Рвался серый пододеяльник на ее голенастых ногах, черная птица тоскующе и печально глядела в очи, высасывая душу, а Витка кричала, уткнувшись лицом в простенок за кроватью. Она бросила и работу, потому что стала бояться транспорта, уличного шума, и сидела, плотно занавесив шторы, в грязном квартирном полумраке до прихода мужа с работы и слушала черную птицу. А черная птица все шептала и шептала, и с каждым днем шепот ее становился все громче, все пленительнее. Черная птица шептала о мерзости жизни, о прелести смерти, о великом и прекрасном правиле самоубийства и, не в силах выносить этот шепот и смотреть в бездну странных, печально-насмешливых глаз, следящих за нею повсюду, Витка как-то раз закрылась в ванной, да и полоснула лезвием по запястью. Теряя сознание, приметила она белый кафель в ярких струях горячо и упруго ударившей из артерии крови и поймала насмешливо-торжествующий взгляд черной птицы.
В больнице, равнодушно созерцая грязный потолок, она и поведала толстой женщине-психиатру, с ленивым равнодушием взирающей на нее, что не хочет больше жить, и еще — о черной птице.
— Не увидела я… — расстроилась бабушка. Рассказ прервался, а за окном вдруг нахмурилось, громыхнуло, и разразился громкий сияющий майский ливень, и кружевные занавески намокли, отяжелели от его пронзительных потоков.
— Гроза! — Витка перестала плакать, изумленно глядя на сине-зеленый грохочущий мир.
— Очищение, — поправила бабушка. — Ты на крыльцо-то выйди, и голову — под дождь, под дождь. Пойдем!
И был божественный, пламенеющий холод дождя, и облачная легкость тела, и мокрые волосы по плечам, и робкая тихая радость под сердцем (вот оно, бессмертное детство!), и вновь — чай в волшебном доме, только у другого окна. Окна, за которым яблочным туманом и звездной росой исходил август.
— Твой любимый месяц, ты помнишь? — бабушка тревожно-ласково смотрела на нее. После дивного дождя стало легко, Витка засмеялась, замотала головой.
— Баб, у тебя что, в каждом окне — свое время года?
— Для тебя — да. Скоро темнеть начнет, а мы еще и осень навестить успеем. Рассказывай…
В больнице не было черной птицы, но было сумрачно, холодно, и душил и резал глаза неувядаемый запах хлорки. Витка двигалась, как сквозь тяжелую воду, после капельников с амитриптилином, после уколов аминазина, запахивая негнущимися пальцами грязный велюровый халат.
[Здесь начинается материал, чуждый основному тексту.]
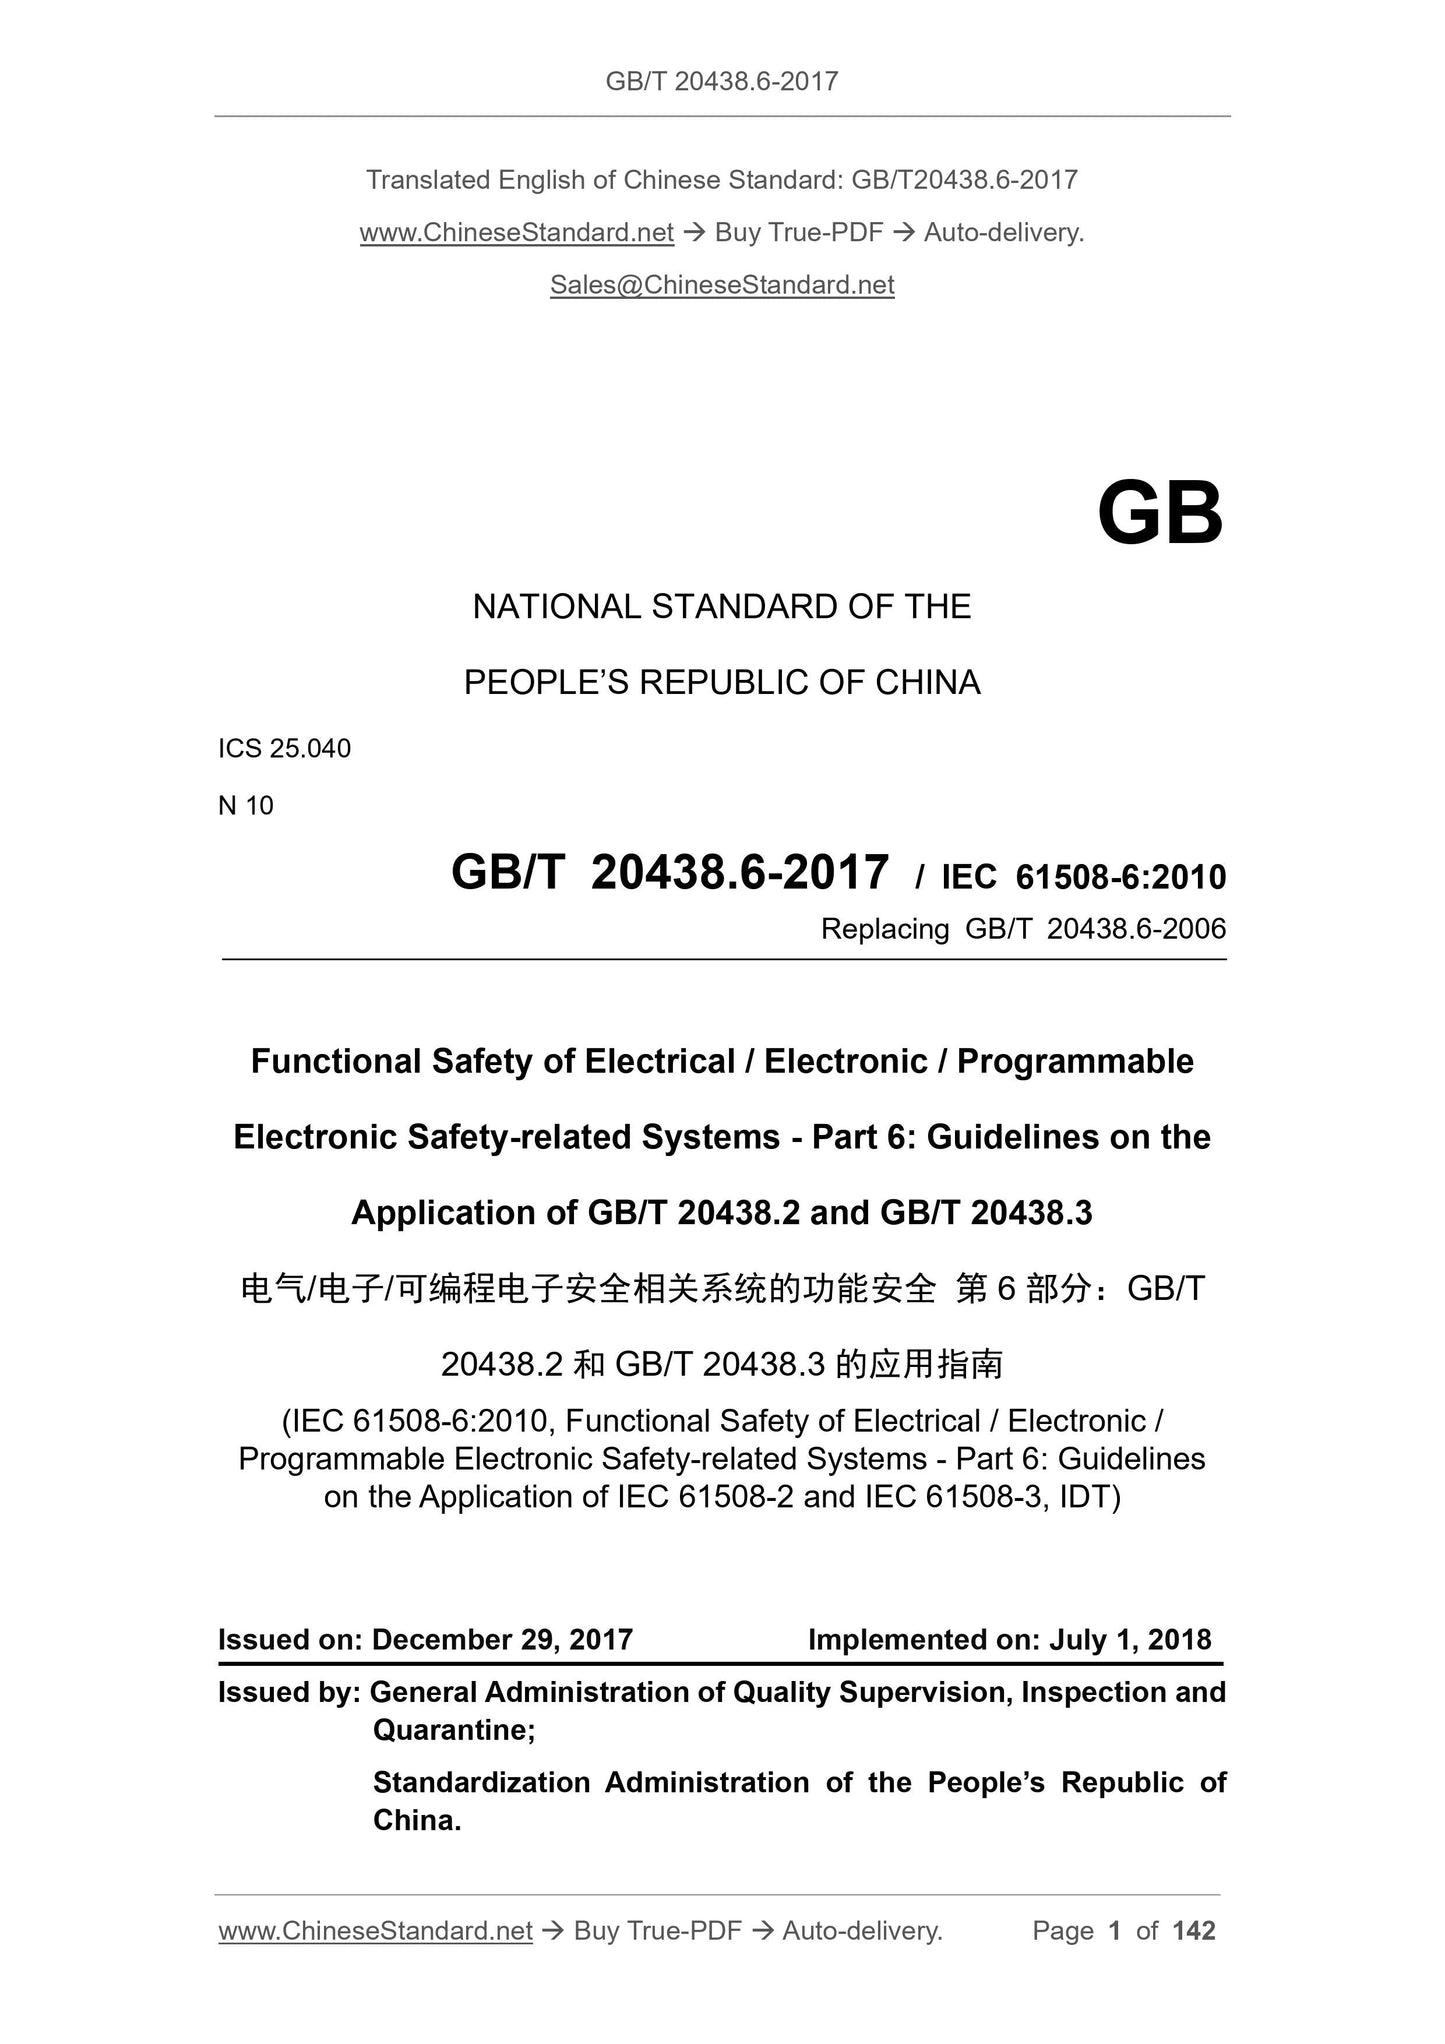 GB/T 20438.6-2017 Page 1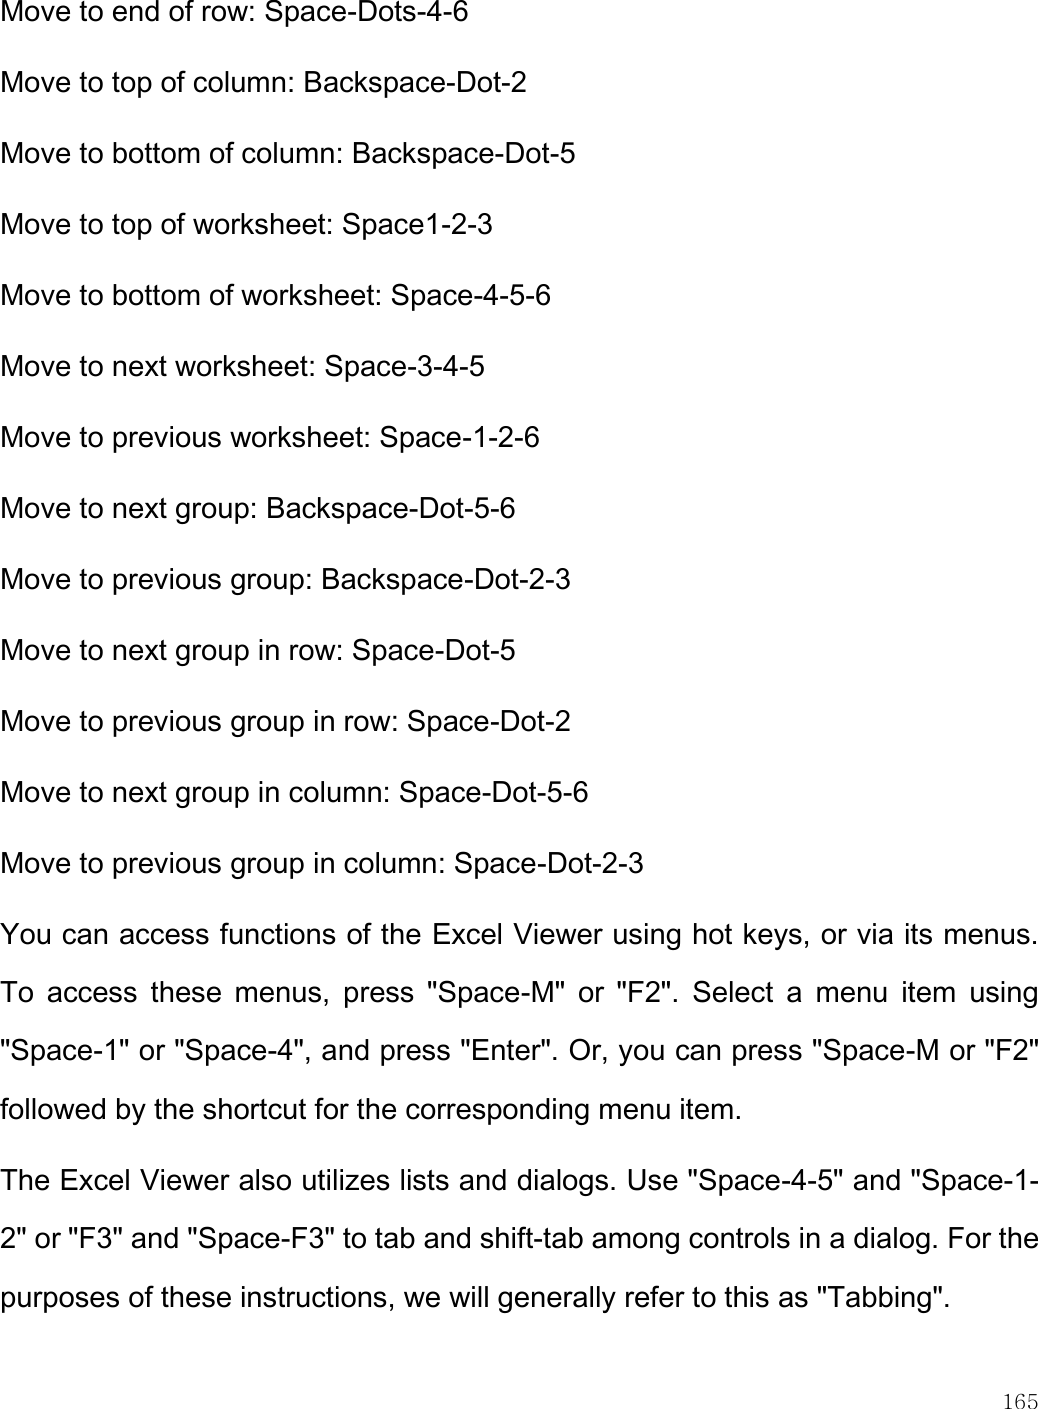    165  Move to end of row: Space-Dots-4-6  Move to top of column: Backspace-Dot-2  Move to bottom of column: Backspace-Dot-5  Move to top of worksheet: Space1-2-3  Move to bottom of worksheet: Space-4-5-6  Move to next worksheet: Space-3-4-5  Move to previous worksheet: Space-1-2-6  Move to next group: Backspace-Dot-5-6  Move to previous group: Backspace-Dot-2-3  Move to next group in row: Space-Dot-5  Move to previous group in row: Space-Dot-2  Move to next group in column: Space-Dot-5-6  Move to previous group in column: Space-Dot-2-3  You can access functions of the Excel Viewer using hot keys, or via its menus. To  access  these  menus,  press  &quot;Space-M&quot;  or  &quot;F2&quot;.  Select  a  menu  item  using &quot;Space-1&quot; or &quot;Space-4&quot;, and press &quot;Enter&quot;. Or, you can press &quot;Space-M or &quot;F2&quot; followed by the shortcut for the corresponding menu item.  The Excel Viewer also utilizes lists and dialogs. Use &quot;Space-4-5&quot; and &quot;Space-1-2&quot; or &quot;F3&quot; and &quot;Space-F3&quot; to tab and shift-tab among controls in a dialog. For the purposes of these instructions, we will generally refer to this as &quot;Tabbing&quot;.

Она тяжело, тоскливо плюхалась на свою кровать перед окном и обреченно смотрела сквозь зарешеченное стекло засыпающим взором. Она не замечала неряшливых санитарок, грязноватых наркоманов из соседней палаты, заглядывающих в их «девичьи покои», стариков-маразматиков из соседнего геронтологического отделения, выуживающих куски из помойных ведер, мочившихся и испражнявшихся прямо на пол и дерущихся с зеркалами в коридоре. Она почти все время спала, даже когда двигалась и говорила, спала в столовой, равнодушно пережевывая что-то среди других таких же странных тенеподобных созданий, а руки и колени ее тряслись от передозировки тразина, и безобразно-бессильно отвисала нижняя челюсть, и слюна текла с подбородка, и изо рта на выцветший халат падало уже пережеванное. Она не видела этого, она спала. Спали ее замороженная болезнью душа, мозг, зачарованный нейролептиками, и лучше было бы вовсе не просыпаться, но пробуждения наяву случались, и тем ужасней были они.